Türkiye'deki malum çevrelerin bu konuda hep katı ve hatta irrasyonel davranmalarının en önemli sebebi, resmi ideolojinin zihinlerimize kazıdığı “Kürdofobi.” Onyıllarca yıl “Kürt” kelimesini duymaya bile tahammülümüz yoktu. Şimdi ona alışmaya başladık, ama bu sefer de “Kürdistan” lafını işitince sigortalar atıyor.
Oysa “Kürtlerin yaşadığı bölge” anlamında coğrafi bir “Kürdistan” en az Selçuklular'dan bu yana var. Osmanlı'da da bu ifade kullanılmış, hatta Tanzimat döneminde bir ara “Kürdistan eyaleti” bile kurulmuştu. Bugün de dünyada bizden başka bu kavramdan rahatsızlık duyan kimse yok gibi.

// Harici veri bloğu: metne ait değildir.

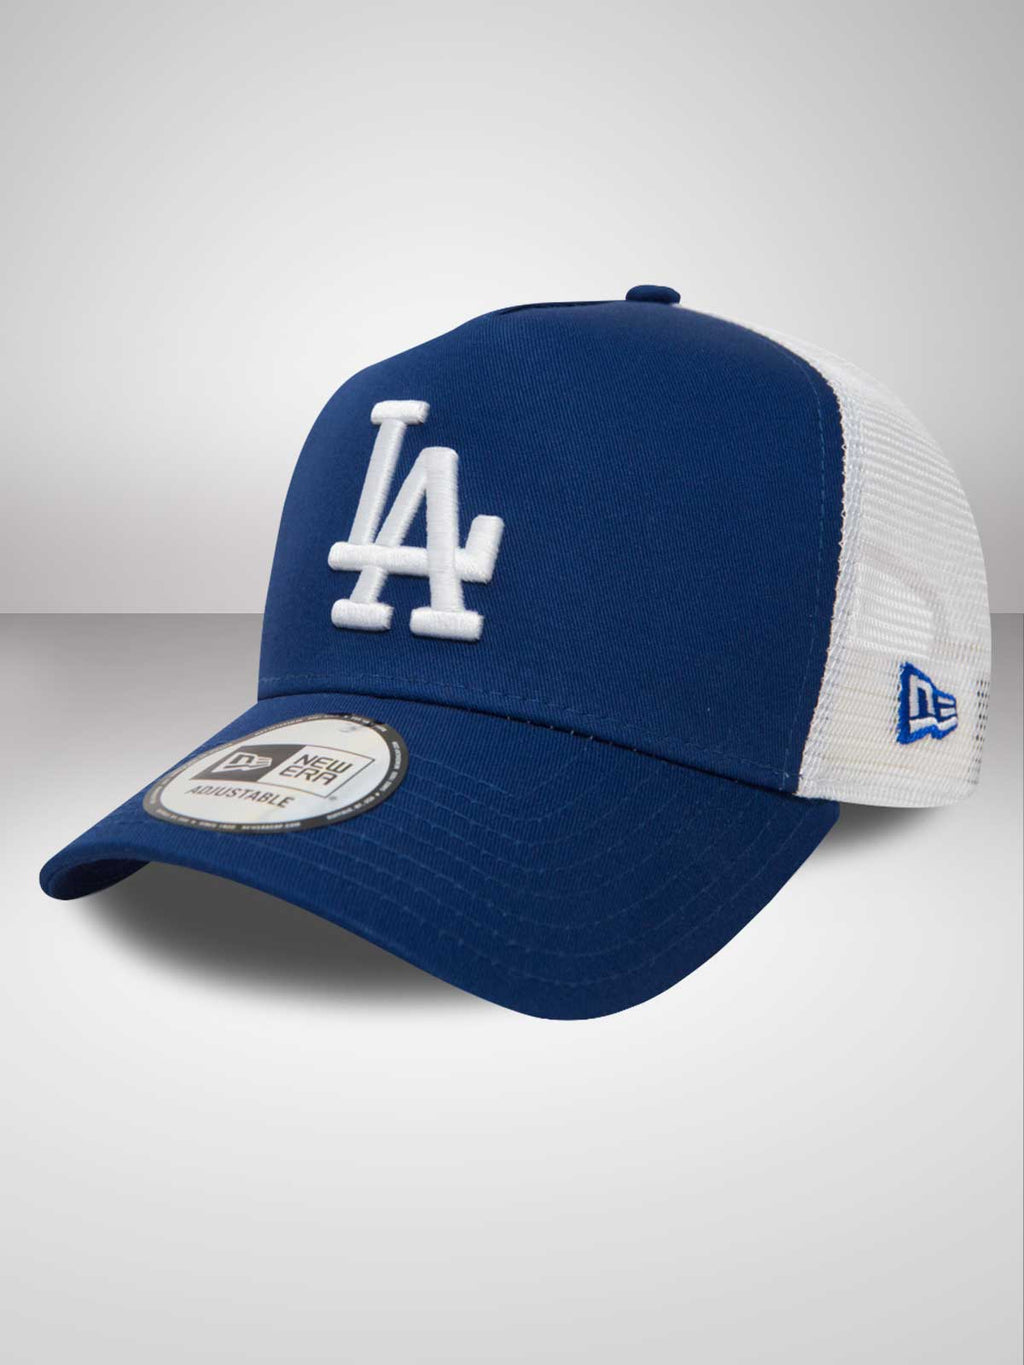 LA Dodgers Clean Blue A-Frame Trucker Cap - New Era – Shop The Arena

Elbette bizdeki endişe sebepsiz değil: Irak'taki “Kürdistan”ın varlığını kabul edersek, sınırın kuzeyi için de aynı tanım getirilir diye korkuyoruz. Oysa Türkiye'deki sosyal hareketlilik “Kürdistan” denebilecek bir coğrafyayı büyük ölçüde ortadan kaldırmış durumda. Kürt vatandaşların yarısından fazlası artık batıda yaşıyor ve en büyük “Kürt şehri” İstanbul.
Irak'taki realiteyi reddetmek yerine, Türkiye ile Irak arasındaki bu büyük farkı vurgulamalıyız. Realiteleri reddetmekle bugüne kadar ne elde ettik ki zaten?